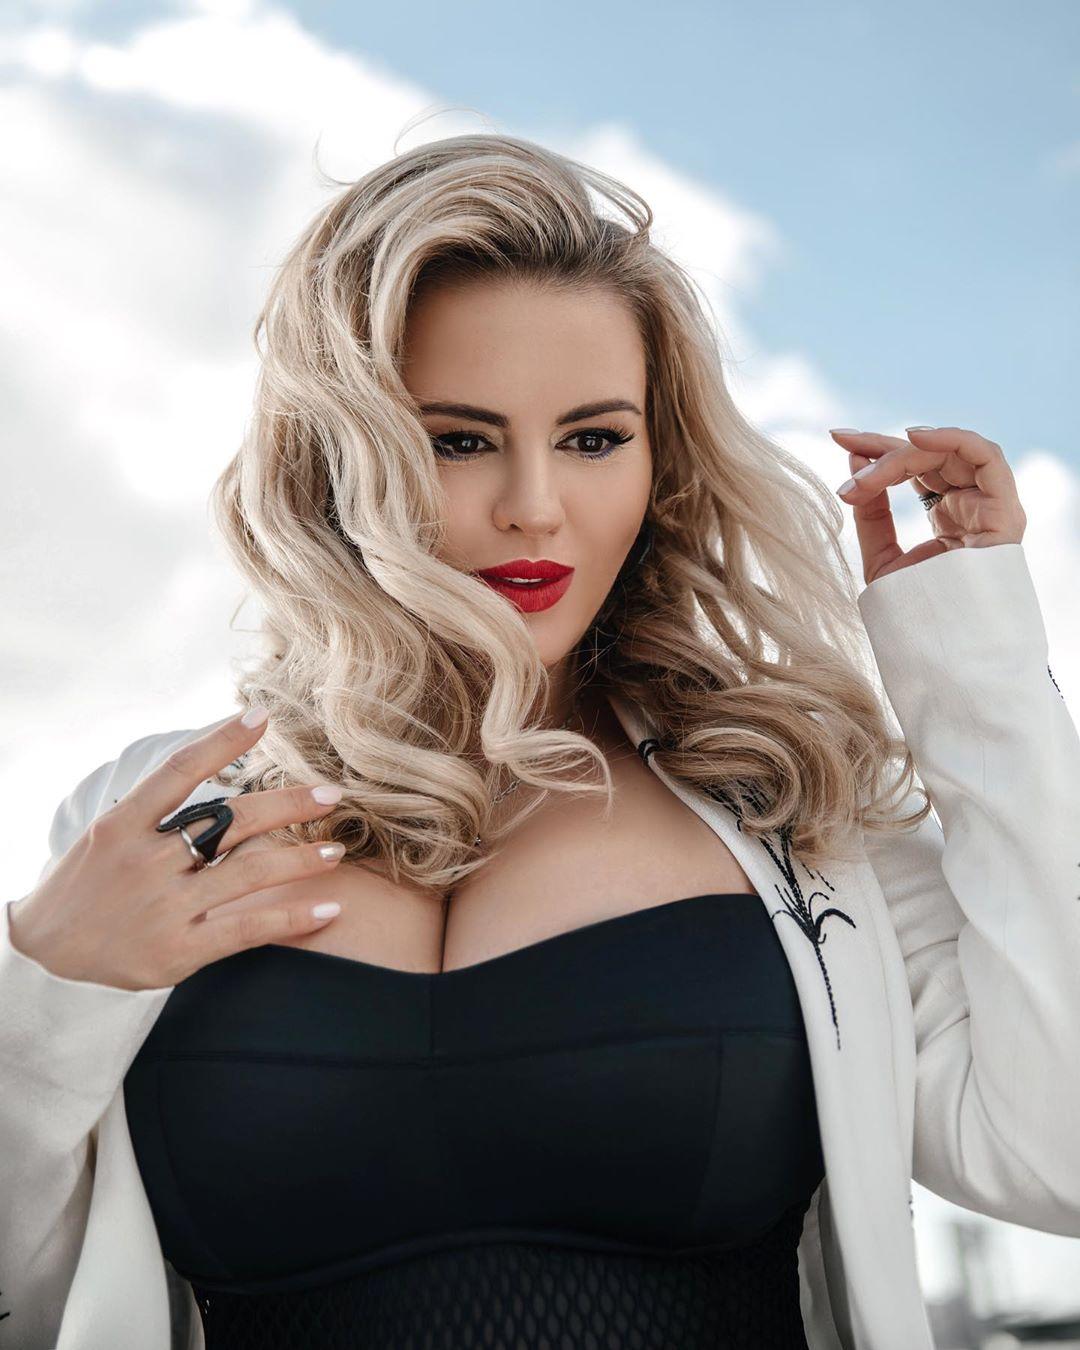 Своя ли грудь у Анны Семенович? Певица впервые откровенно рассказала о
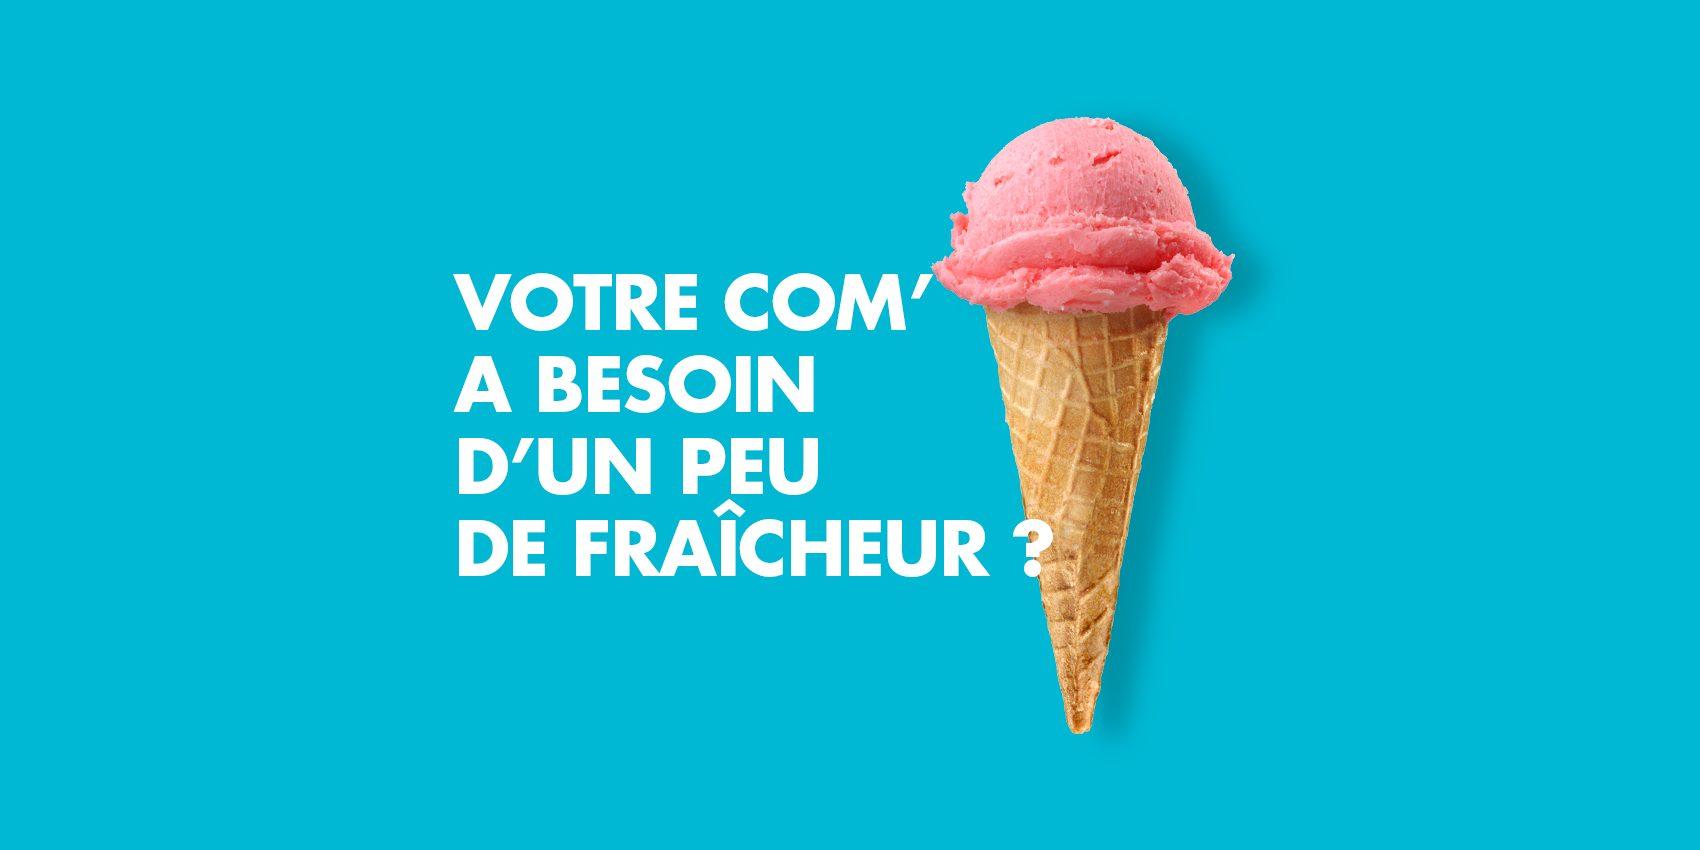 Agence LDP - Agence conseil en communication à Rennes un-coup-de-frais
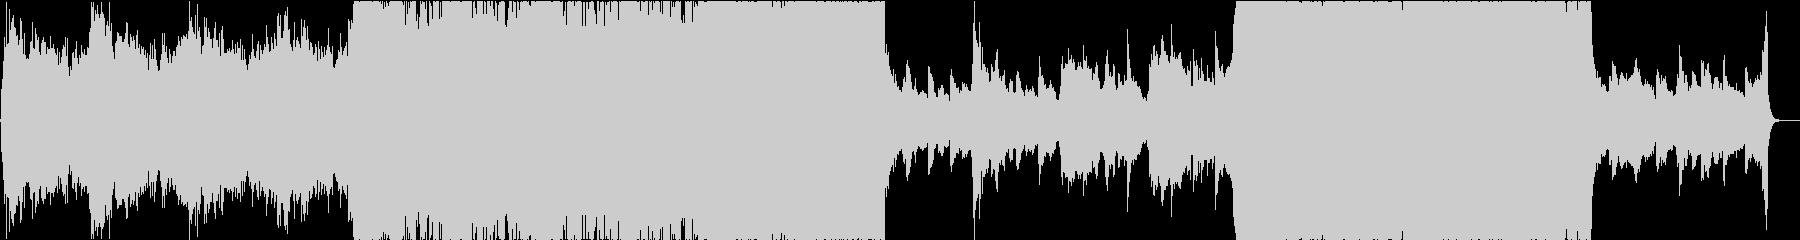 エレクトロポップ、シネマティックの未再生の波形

——

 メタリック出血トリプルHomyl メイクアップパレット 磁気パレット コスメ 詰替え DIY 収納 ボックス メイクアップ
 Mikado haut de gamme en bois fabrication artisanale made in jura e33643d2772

——

**What the exercise asks**
Would you give again, exactly, the lines in the data above that run from the line containing "Своя ли грудь" to the line containing "エレクトロポップ、シネマティックの未再生の波形"? Include both ends and no pictures.

**Reply**
 Своя ли грудь у Анны Семенович? Певица впервые откровенно рассказала о
 Agence LDP - Agence conseil en communication à Rennes un-coup-de-frais
 エレクトロポップ、シネマティックの未再生の波形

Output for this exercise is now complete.